Benton hung up, started tapping the down arrow again, then the up arrow, reading and re-reading, as though if he read the anonymous gossip column often enough, it wouldn’t seem so offensive, so ugly, so hateful. “Sticks and stones,” Scarpetta always said. Maybe that was true in grammar school, but not in their adult lives. Words could hurt. They could hurt badly. What kind of monster would write something like this? How did the monster find out?
He reached for the phone.
Scarpetta paid scant attention to Bryce as he drove her to Logan International Airport. He’d been talking nonstop about one thing or another ever since picking her up at her house.

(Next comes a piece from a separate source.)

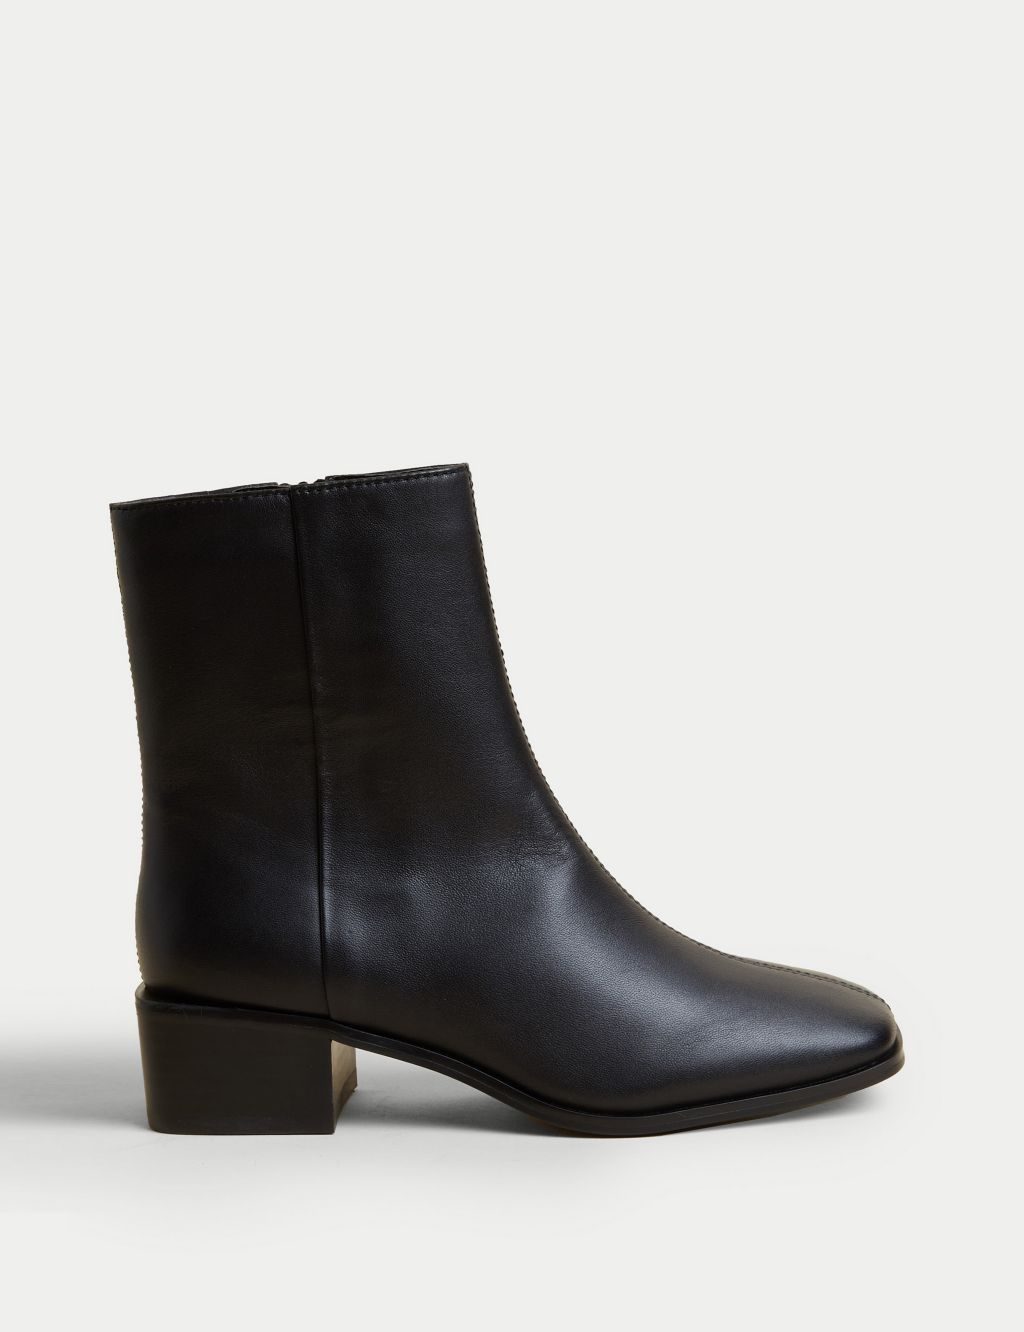 Autonomi brevpapir tyveri Leather Block Heel Square Toe Ankle Boots | M&S Collection | M&S

Mainly, he’d been complaining about Dr. Jack Fielding, reminding her yet again that returning to the past was like a dog returning to its own vomit. Or Lot’s wife looking back and turning into a pillar of salt. Bryce’s biblical analogies were endless and irritating and had nothing to do with his religious beliefs, assuming he had any, but were leftover pearls from a college term paper he’d done on the Bible as literature.
Her administrative assistant’s point was you don’t hire people from your past. Fielding was from Scarpetta’s past. He’d had his problems, but then who hadn’t? When she had accepted the position up here and had started looking for a deputy chief, she wondered what Fielding was doing, tracked him down, and found out he wasn’t doing much.

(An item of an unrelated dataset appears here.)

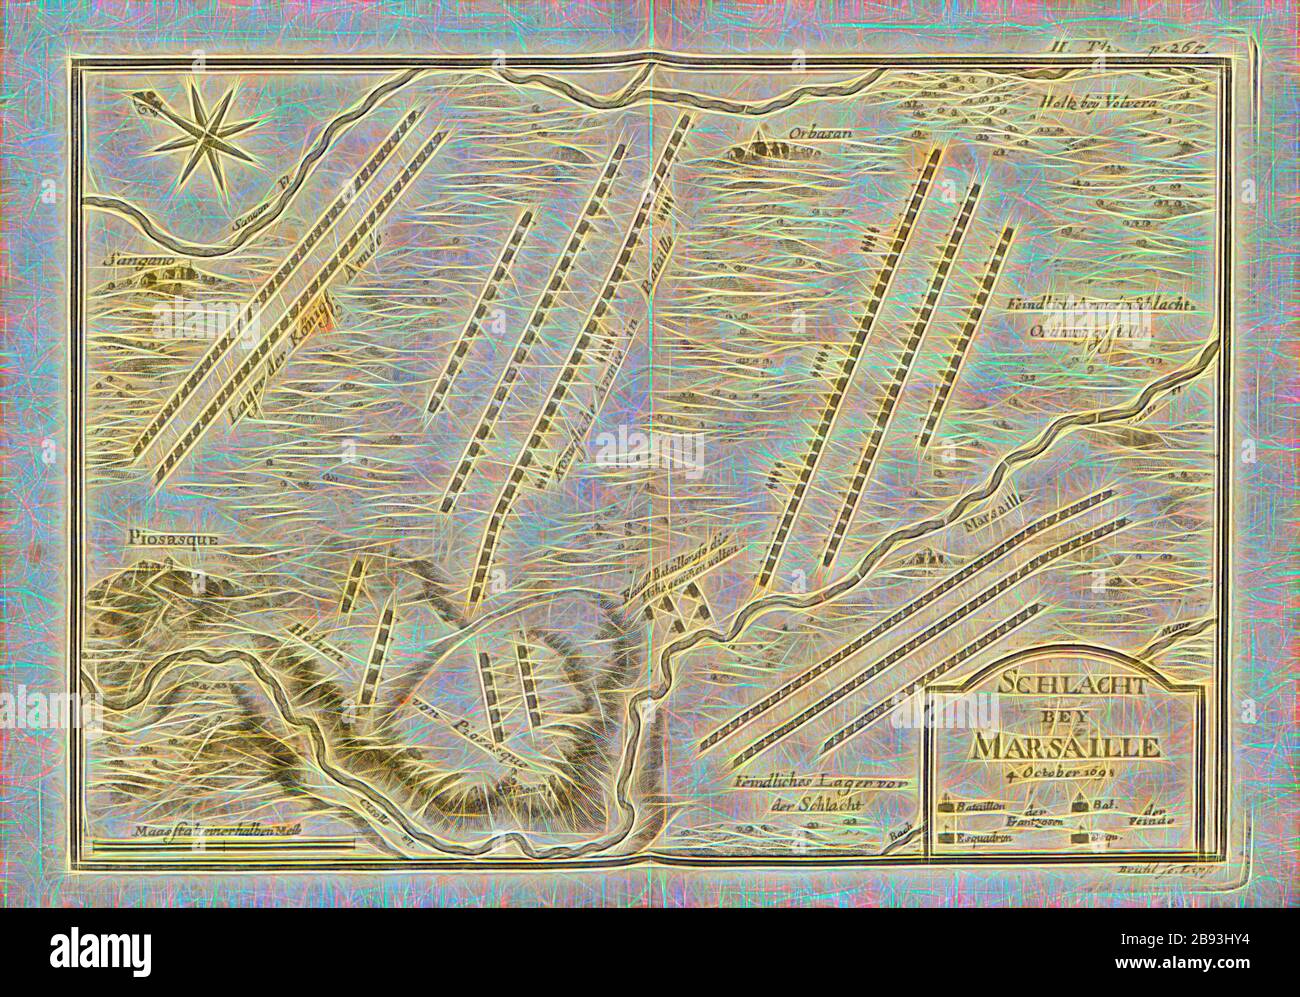 Battle of Marseille, Map of the Battle of Marsaglia on October 4, 1693 (also Battle of Orbassano), Signed: Brühl sc, Fig. 1, II. Th, after p. 266, Brühl, Johann Benjamin (sc.), 1738, Antoine de Pas de Feuquières: Geheime und sonderbare Kriegs-Nachrichten des Marggrafen von Feuquieres. Leipzig: im Weidmannischen Buchladen, 1738, Reimagined by Gibon, design of warm cheerful glowing of brightness and light rays radiance. Classic art reinvented with a modern twist. Photography inspired by futurism, embracing dynamic energy of modern technology, movement, speed and revolutionize culture. Stock Photo

Benton’s input had been unusually toothless, maybe even patronizing, which made more sense to her now. He’d said she was looking for stability, and often people move backward instead of forward when they are overwhelmed by change. Feeling the desire to hire someone she’d known since the early days of her career was understandable, Benton had said. But the danger in looking back was that we saw only what we wanted to see, he’d added. We saw what made us feel safe.
What Benton had chosen to avoid is why she didn’t feel safe to begin with. He hadn’t wanted to get within range of how she really felt about her domestic life with him, which was as chaotic and dissonant as it had ever been. Since their relationship began with an adulterous affair more than fifteen years ago, they’d never lived in the same place, didn’t know the meaning of day-to-day togetherness, until last summer. Theirs had been a very simple ceremony in the garden behind her carriage house in Charleston, South Carolina, where she’d just set up a private practice that she then was forced to close.
Afterward, they’d moved to Belmont, Massachusetts, to be near his psychiatric hospital, McLean, and her new headquarters in Watertown, where she’d accepted the position of chief medical examiner of the Commonwealth’s Northeastern District. Because of their proximity to New York, she thought it a fine idea for them to accept John Jay College of Criminal Justice’s invitation to serve as visiting lecturers there, which included offering pro bono consultation for the NYPD, the New York Medical Examiner’s office, and forensic psychiatric units such as the one at Bellevue.
“. . . I know it’s not the sort of thing you’d look at or maybe even be a big deal to you, but at the risk of pissing you off, I’m going to point it out.” Bryce’s voice penetrated her preoccupations.
She said, “What big deal?”
“Well, hello? Don’t mind me. I was just talking to myself.”